You don't update the C library, or collations never change?

> Also, that shouldn't happen with locale 'C', 'SQL_ASCII':

Right.

The C locale is safe (but of course SQL_ASCII is a mistake).

Yours,
Laurenz Albe

Re: Autovacuum endless loop in heap_page_prune()?

From

Peter

Date:

27 May 2024, 13:49:38

On Mon, May 27, 2024 at 01:51:56PM +0200, Laurenz Albe wrote:

! > ! Apart from hardware problems, one frequent cause is upgrading glibc
! > ! (if the index on a string column or expression).
! > 
! > No, this is FreeBSD, we don't normally do such things... ;)
! 
! You don't update the C library, or collations never change?

I rarely update the C library.
Kernel + libraries + OS programs are a single unit here, updated
about once a year, and then by many people and with all the usual
testing.
I could lookup how often some locale was modified, but honestly, I'm
too lazy now.

| (but of course SQL_ASCII is a mistake).

Really?
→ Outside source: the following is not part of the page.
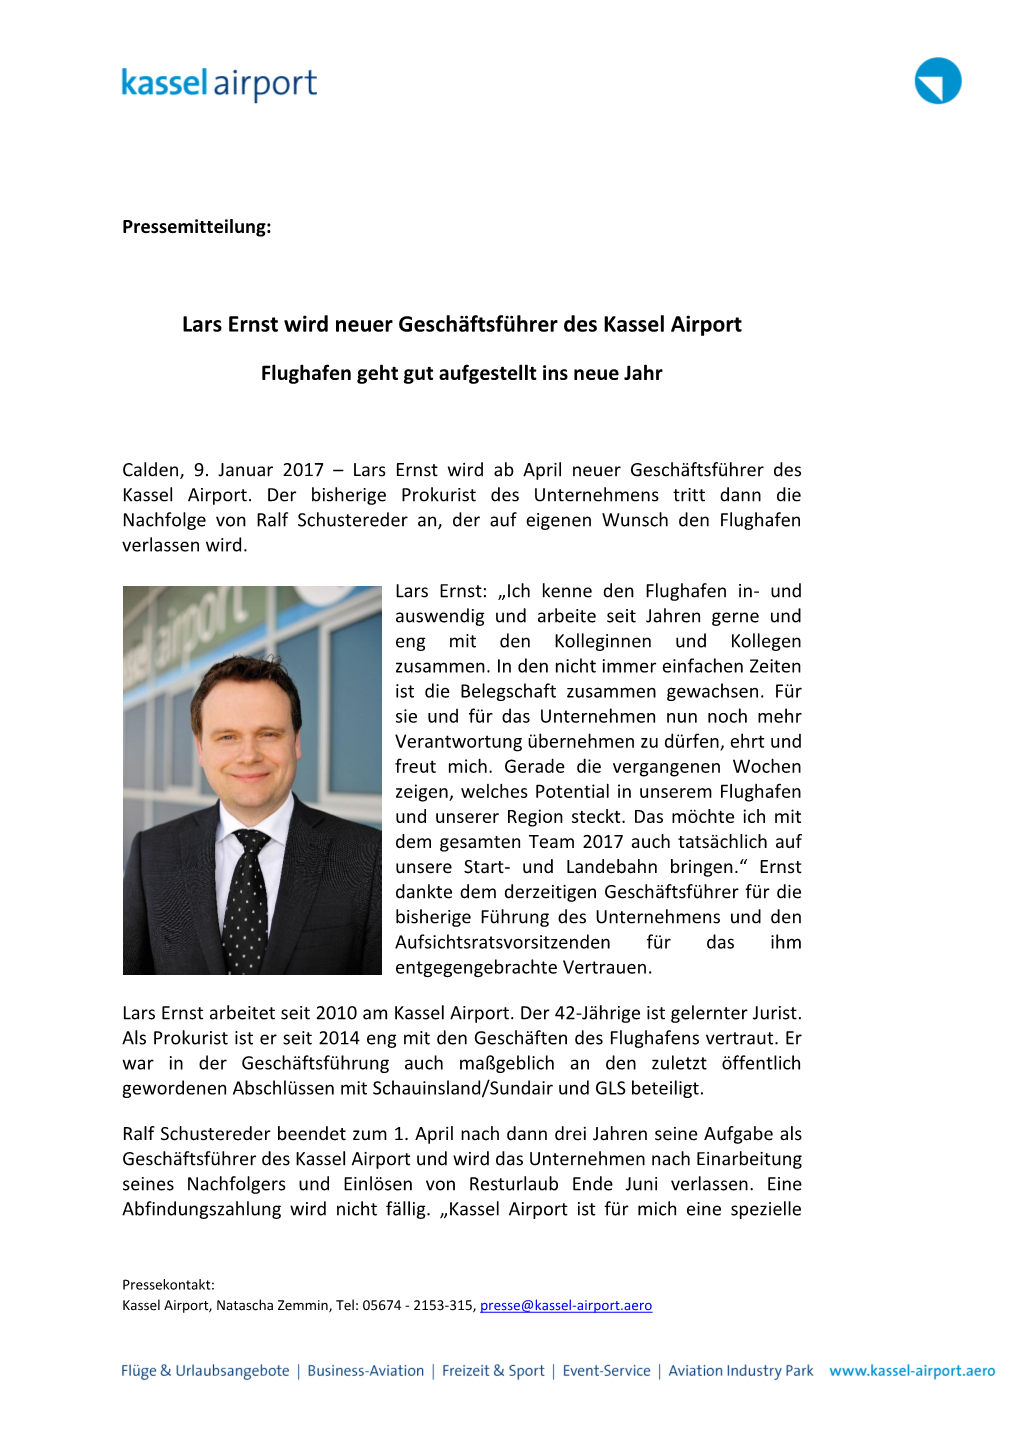 Lars Ernst Wird Neuer Geschäftsführer Des Kassel Airport

I re-read the chapter on Locale/CharSet Support, and I don't
see the mistake. Only one can not convert that to anything else, which
is fine in this usecase (storing arbitrary filenames from any OS in
any character-set within the same column). 


regards,
PMc

Re: Autovacuum endless loop in heap_page_prune()?

From

Laurenz Albe

Date:

27 May 2024, 14:19:25

On Mon, 2024-05-27 at 15:49 +0200, Peter wrote:
> > (but of course SQL_ASCII is a mistake).
>
> Really? I re-read the chapter on Locale/CharSet Support, and I don't
> see the mistake. Only one can not convert that to anything else, which
> is fine in this usecase (storing arbitrary filenames from any OS in
> any character-set within the same column).

That will only work fine as long as everybody uses the same encoding,
or everybody uses only ASCII characters, or everybody works only on
their own data.

Yours,
Laurenz Albe